I'm sick and tired of paying school district administrators three times as much as the average teacher just so they can mis-manage the mis-education of my community.
Last August, the beginning of the 22/23 school year, my local school district begged every person who could possibly substitute to be a full-time teacher instead. It was the only way to fill the last dozen regular ed positions. In our small, rural district, we only have a total of 105 teachers, including SPED.
In early September 2022, the superintendent bragged to the local newspaper that every teacher position had been filled - which wasn't true! We lost so many SPED teachers that they had to use a subcontractor to provide SPED services - mostly via Zoom - and then they mainstreamed nearly every SPED kid that didn't wear diapers.
So, with nearly zero district subs left, how were classes covered this year? 7th through 12 grade teachers lost their prep periods. Elementary teachers had extra student guests nearly every day.

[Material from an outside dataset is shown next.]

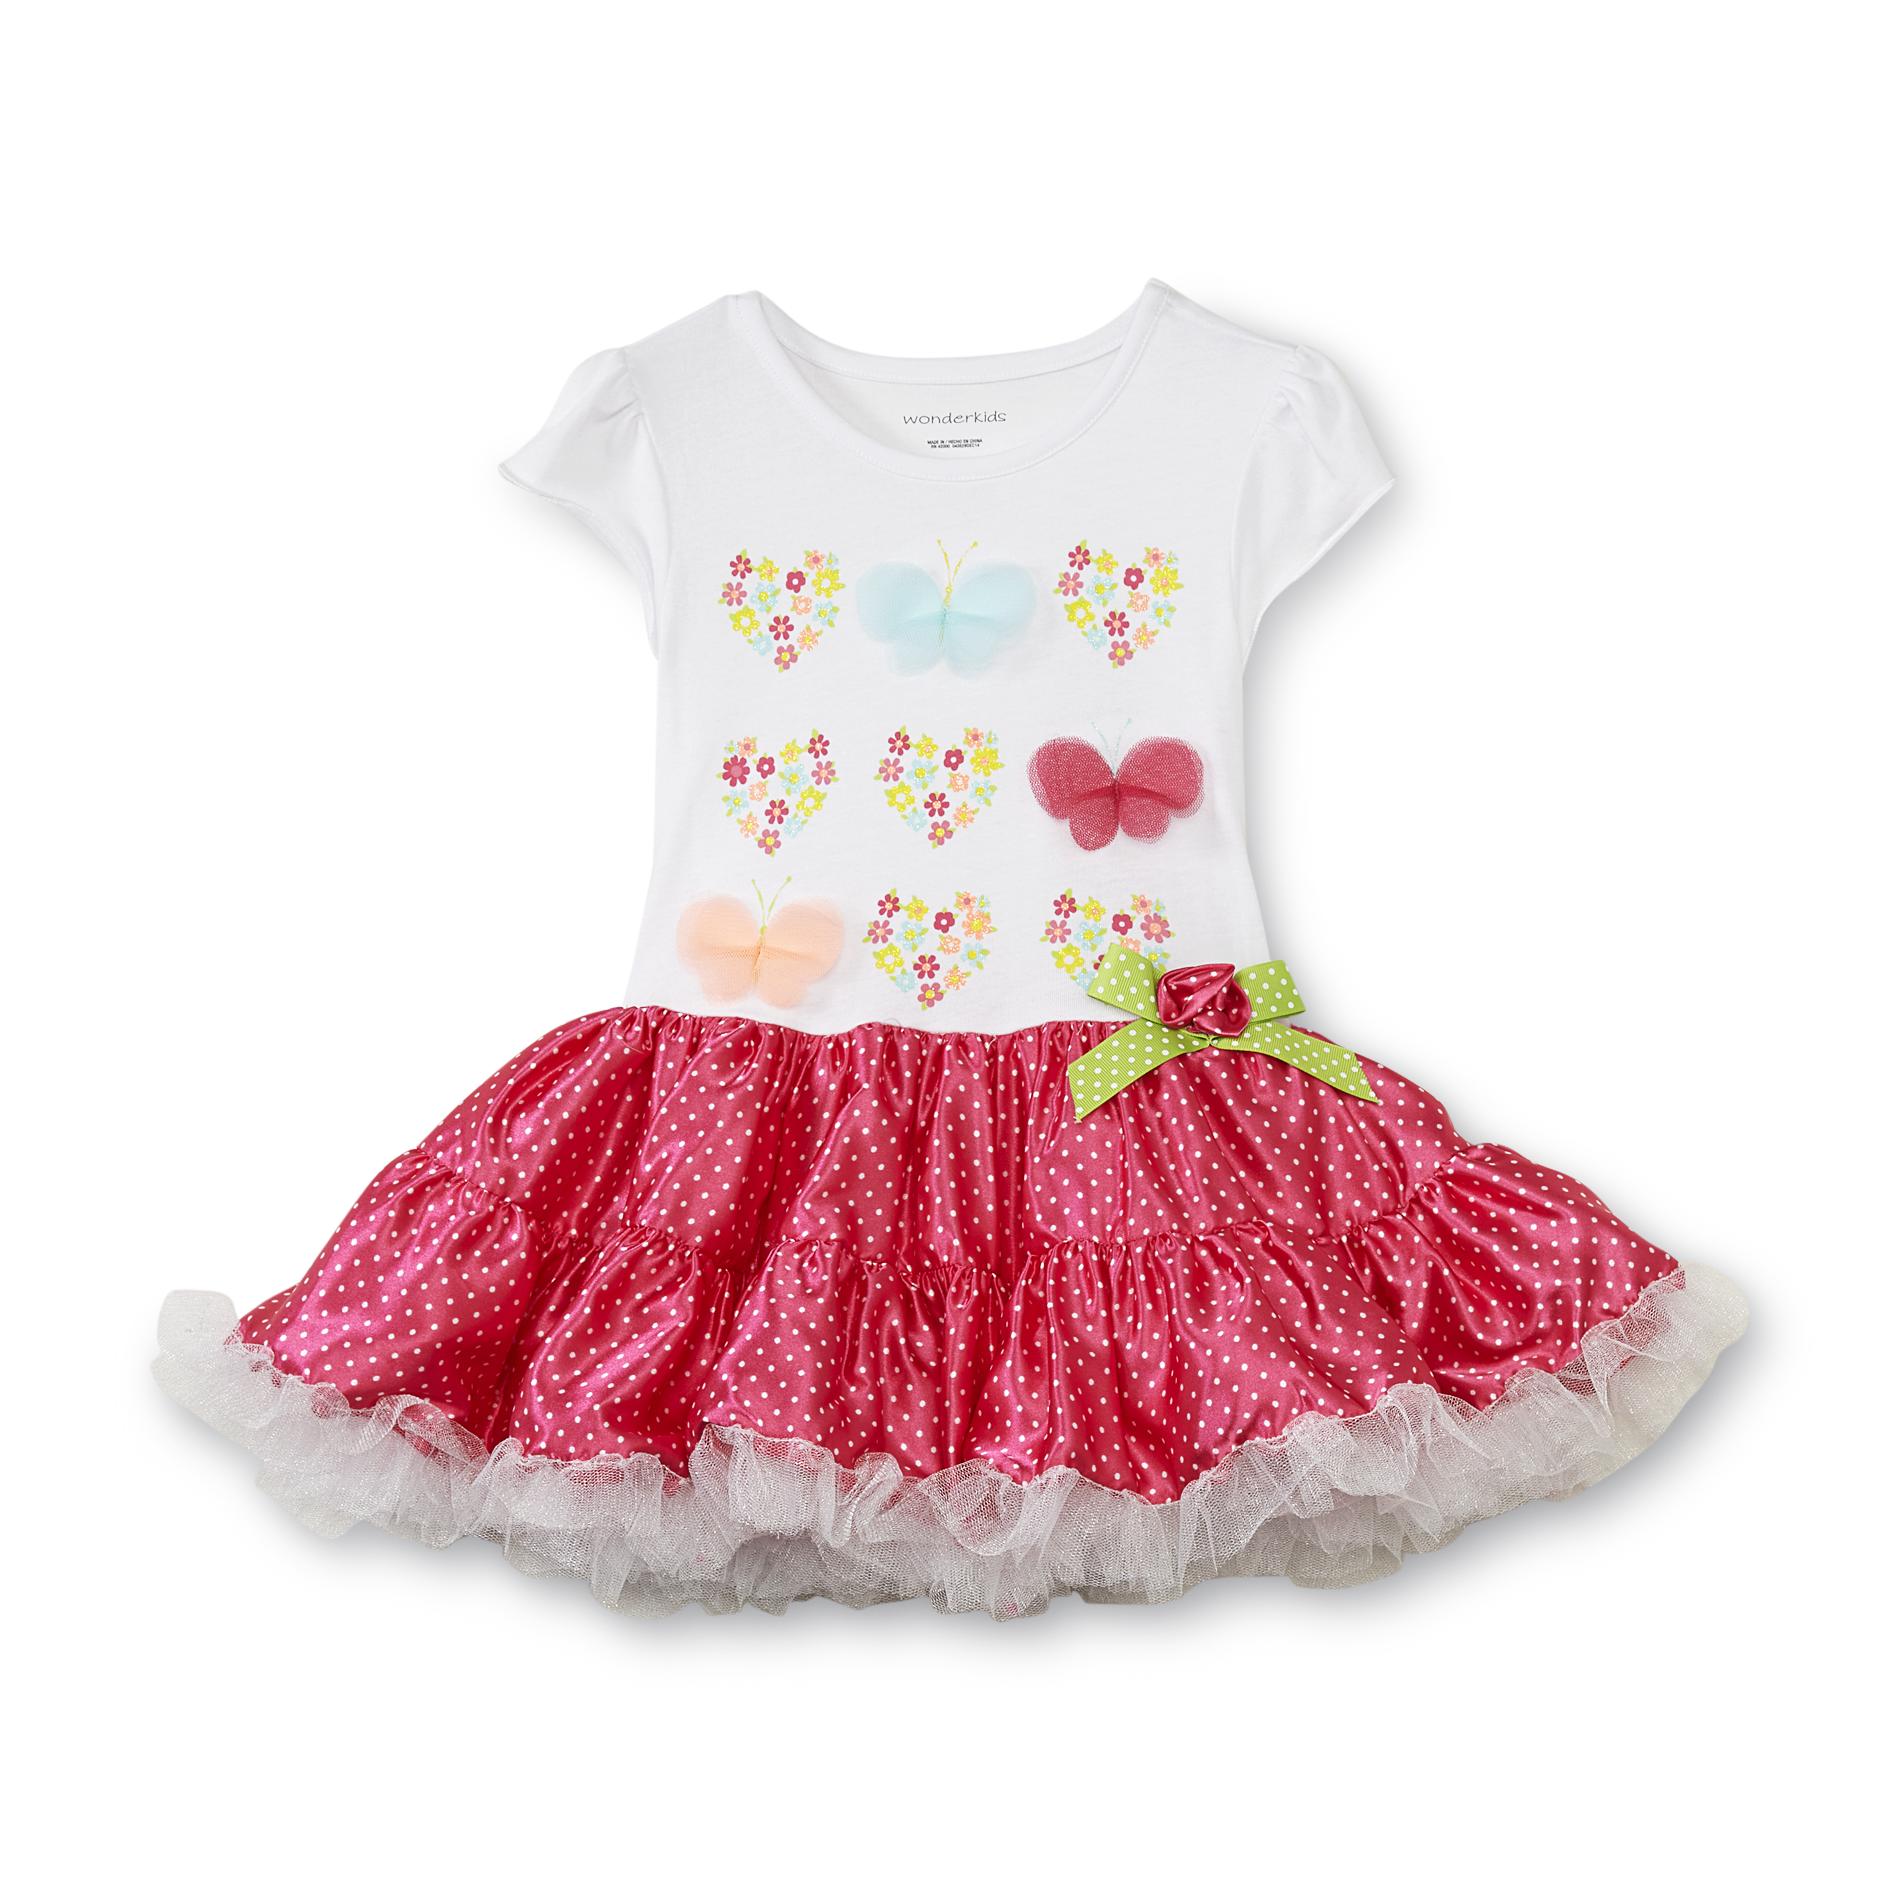 WonderKids Toddler Girl's Tutu Dress - Hearts & Butterflies

It was a change to the working conditions and the hard-fought contract was reopened. Teachers agreed to a higher class max, agreed to take extra students, and agreed to give up prep periods whenever necessary - all for a big bump in pay. Done and done, right?
NO. The pay bump wasn't enough. Teachers are leaving and there are no subs left to beg. Most of the subs who agreed to teach are not coming back EVER. Part of it is that we didn't have enough experienced teachers to provide proper mentoring. Classrooms, hallways, cafeterias, etc were chaos.
More and more parents switched to non-district options. One third of the district's student population no longer uses our district classrooms - and all indications are that the percent will rise.
There's ZERO behavior guidance or support. We claim in our yearly LCAP report to the state to have an active District-wide MTSS, but we don't. Total lie! Nine years ago we took the grant money to provide one and simply didn't follow through. According to our district's Education Coordinator, "It's up to each teacher to provide a class system of PBIS until the district can implement a District-wide program." Yet we've been telling the state we already have one for the last eight years.
My district's best hope for next year is that enough parents choose non-district options so that they no longer need people to fill all the open positions.
How is that particular plan good for my community? Why are we paying people to break the public education system?